WHAT IS BEING ASKED. Nothing but the lines from the one containing "Henry David Thoreau" through the end of the data should be retyped, exactly as they stand, and pictures should not be retyped.

[DATA EXTRACT]

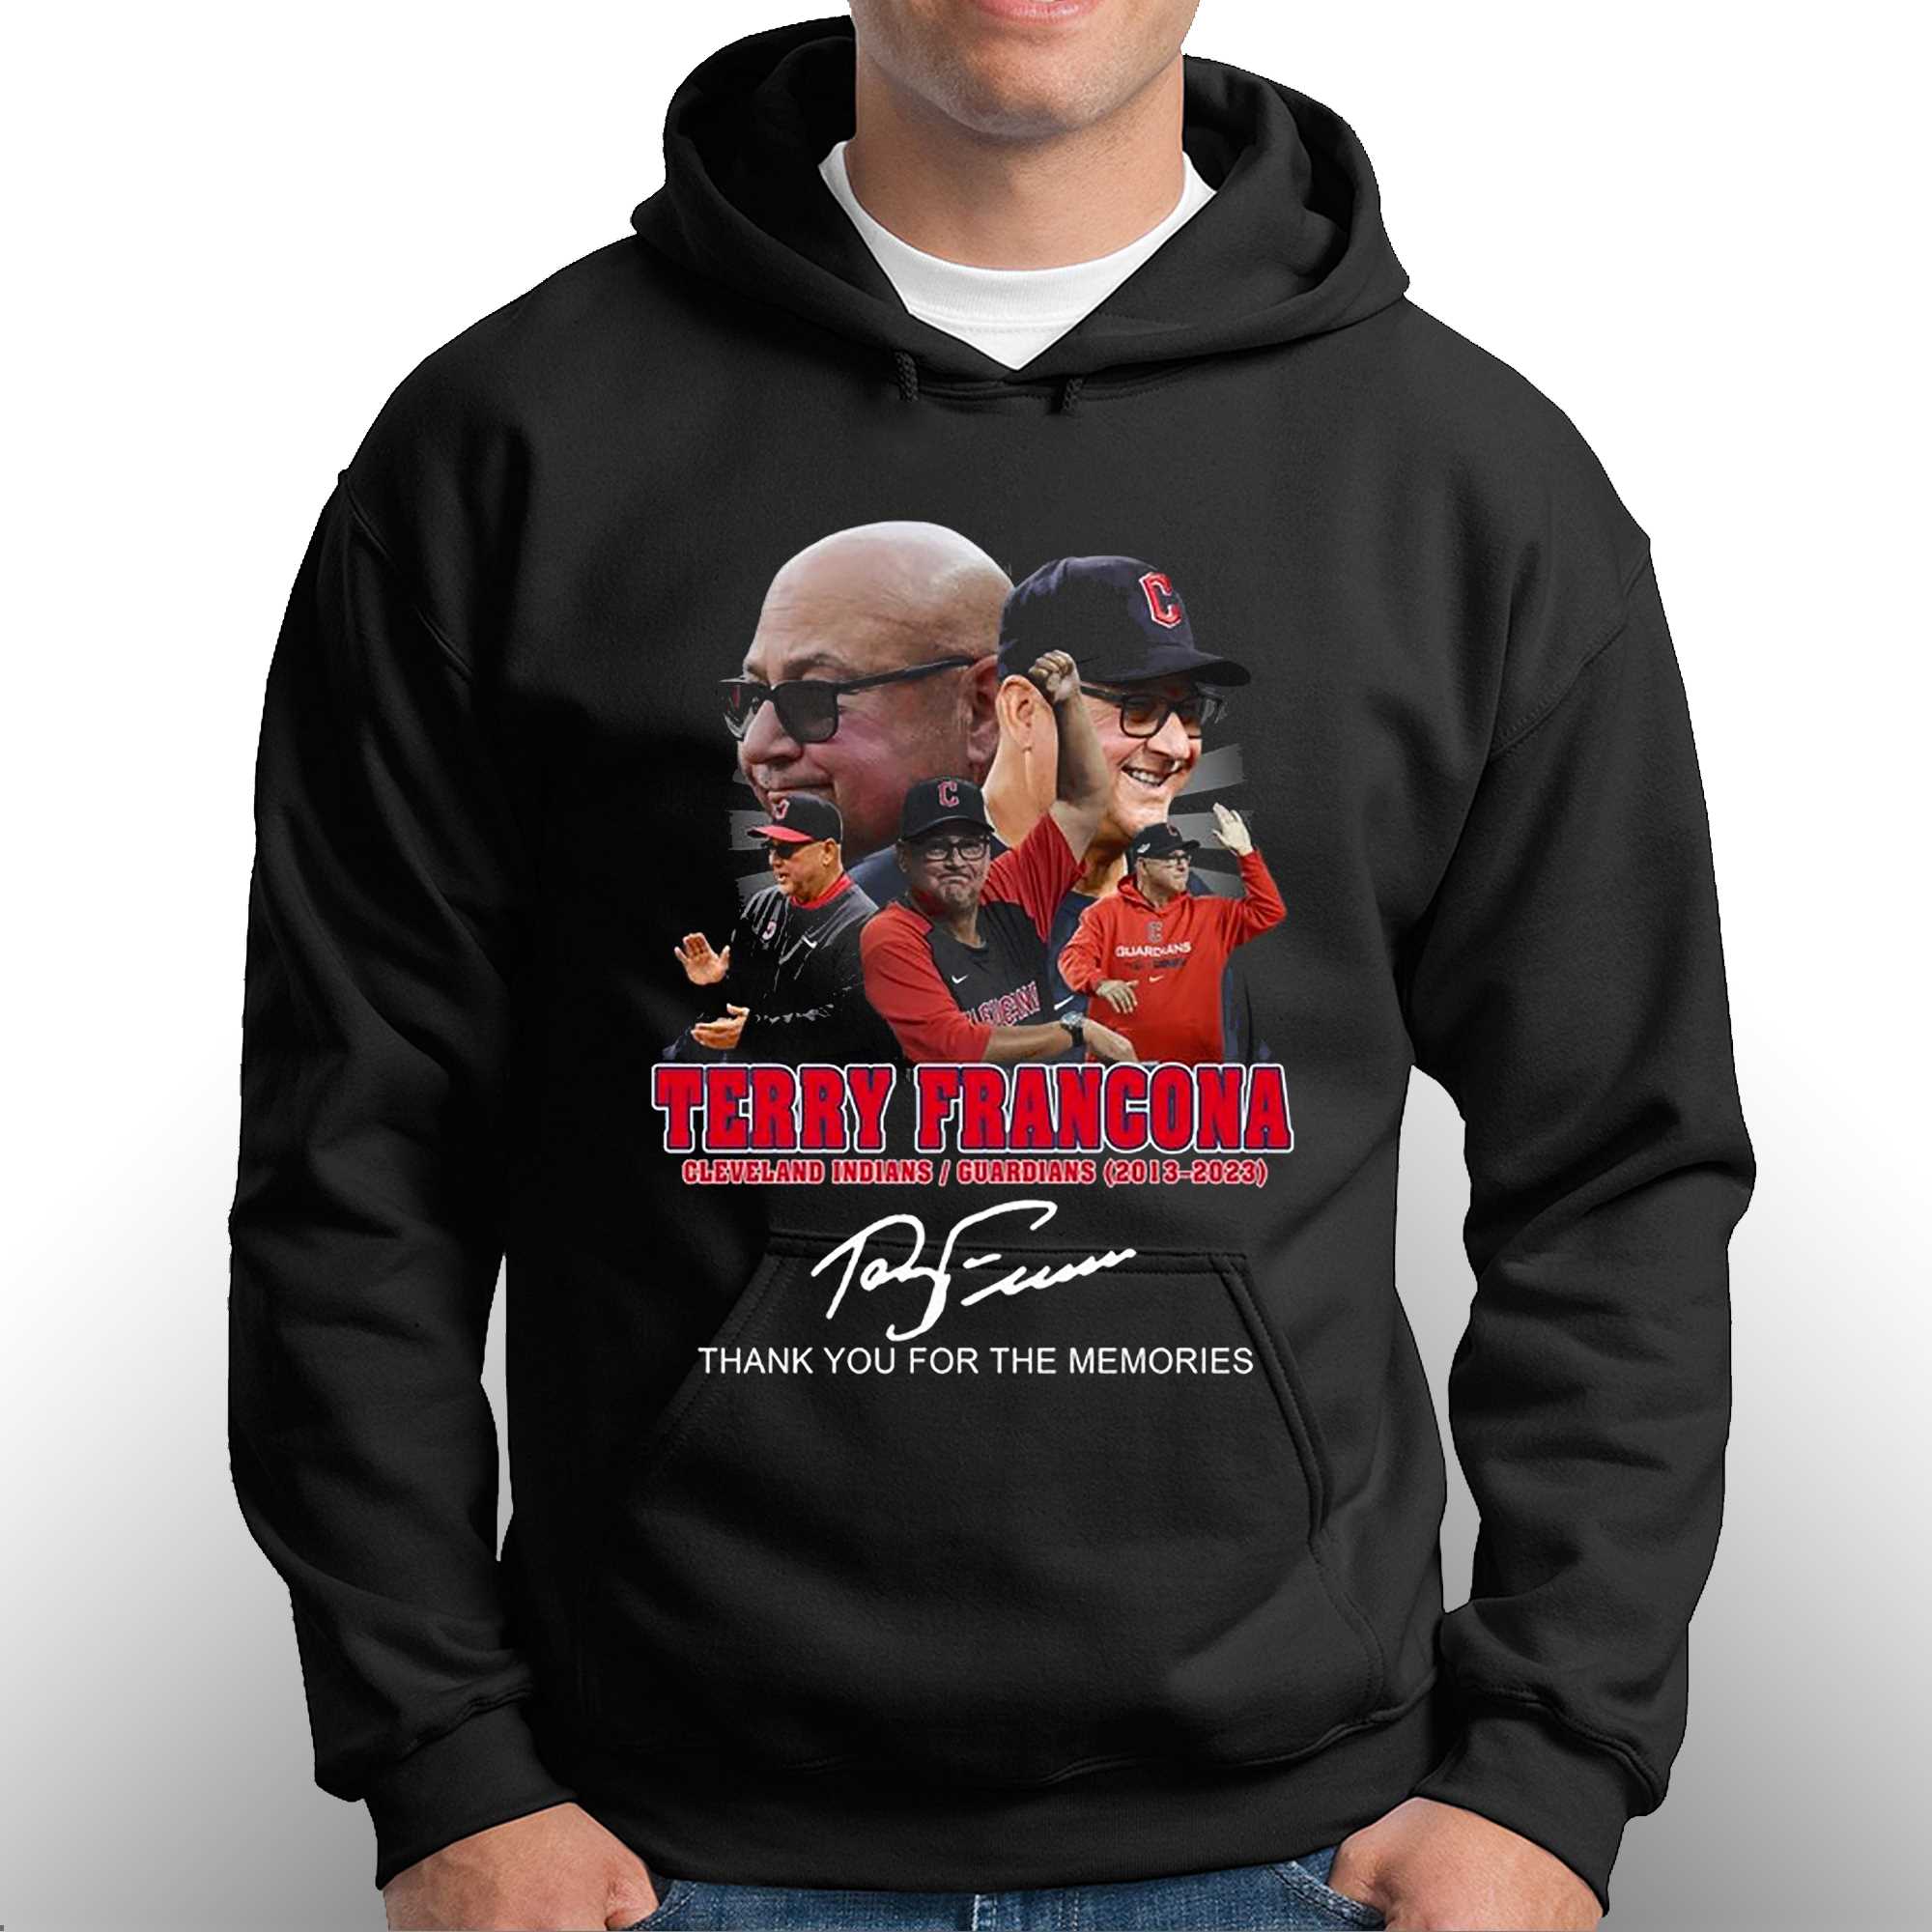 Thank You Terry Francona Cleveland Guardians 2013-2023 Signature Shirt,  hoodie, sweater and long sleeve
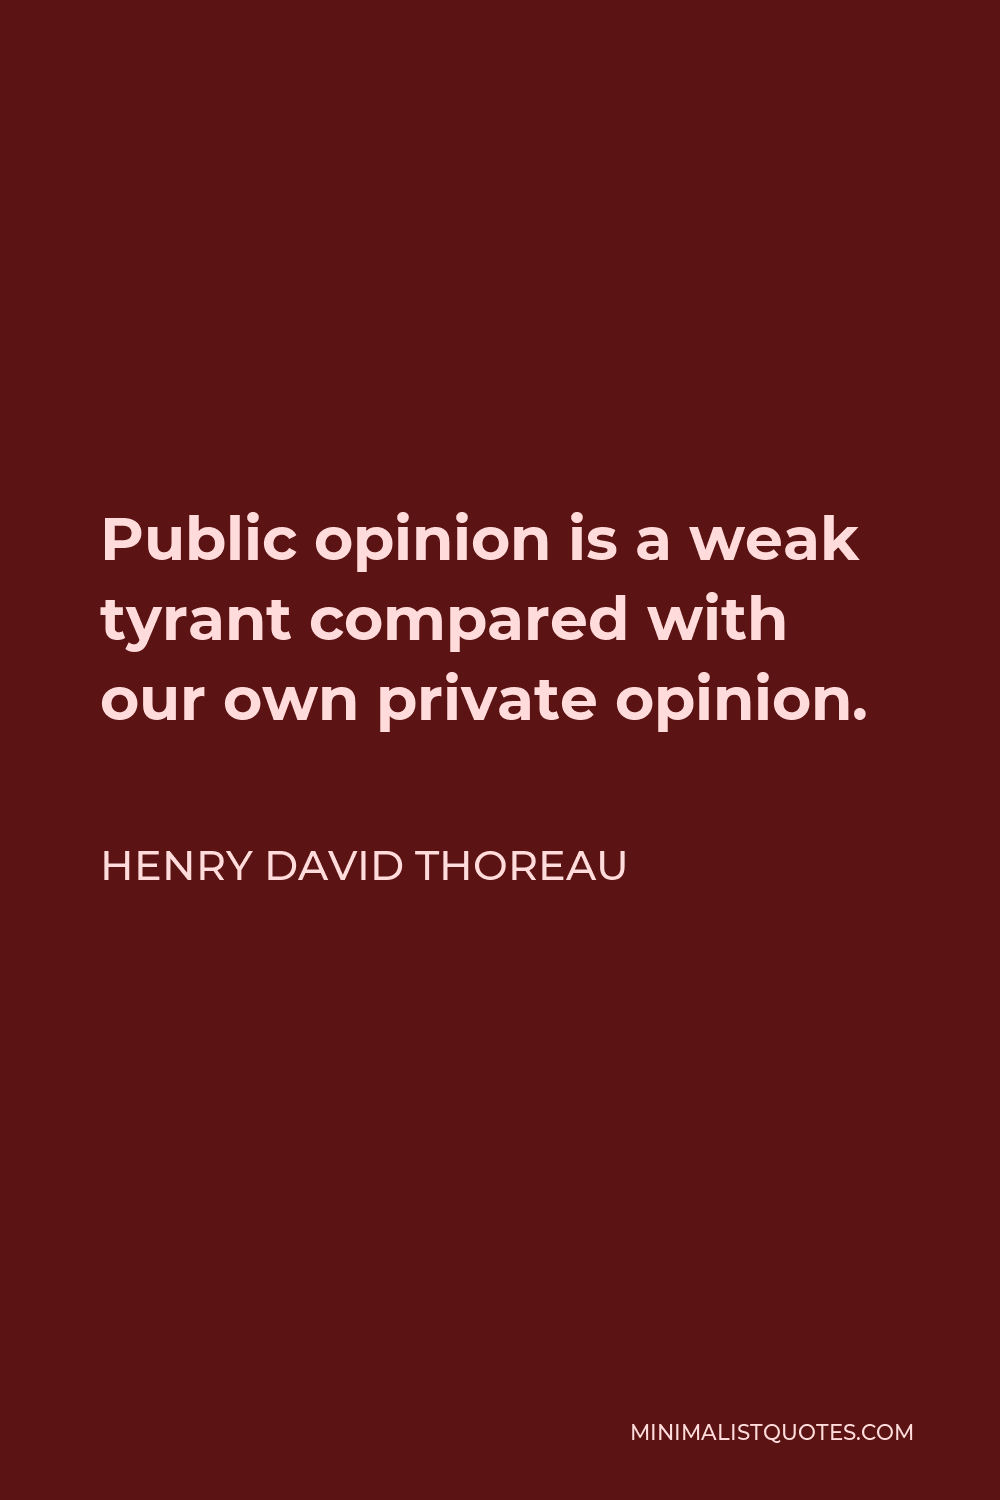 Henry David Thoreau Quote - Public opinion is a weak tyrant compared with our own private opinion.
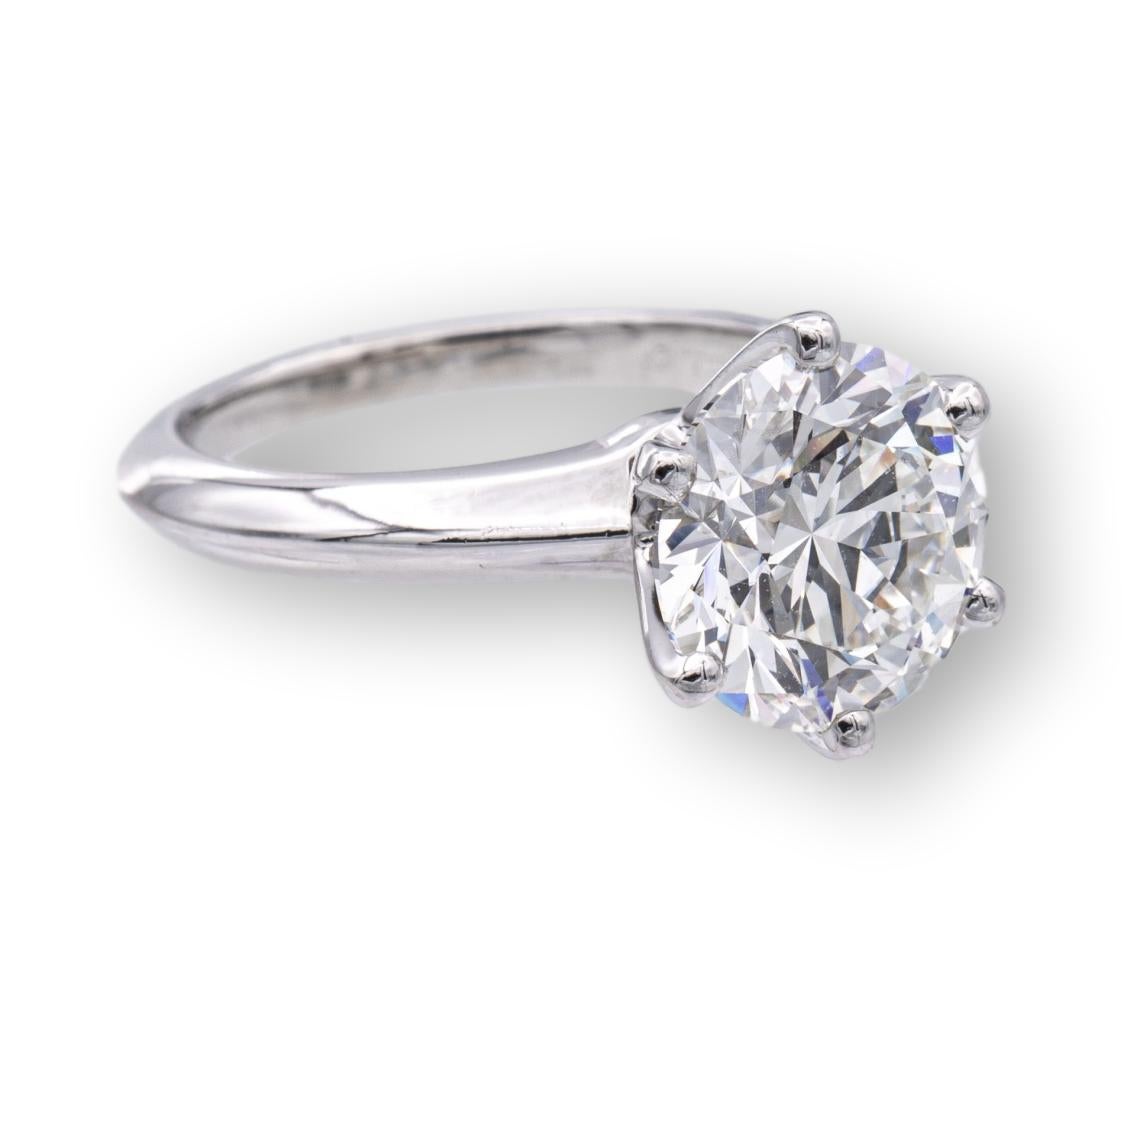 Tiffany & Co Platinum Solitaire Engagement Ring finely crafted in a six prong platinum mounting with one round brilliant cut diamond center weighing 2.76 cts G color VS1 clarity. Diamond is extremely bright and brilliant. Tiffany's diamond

[/DATA EXTRACT]

FINISHED EXERCISE.
 Henry David Thoreau Quote - Public opinion is a weak tyrant compared with our own private opinion.
 Tiffany & Co Platinum Solitaire Engagement Ring finely crafted in a six prong platinum mounting with one round brilliant cut diamond center weighing 2.76 cts G color VS1 clarity. Diamond is extremely bright and brilliant. Tiffany's diamond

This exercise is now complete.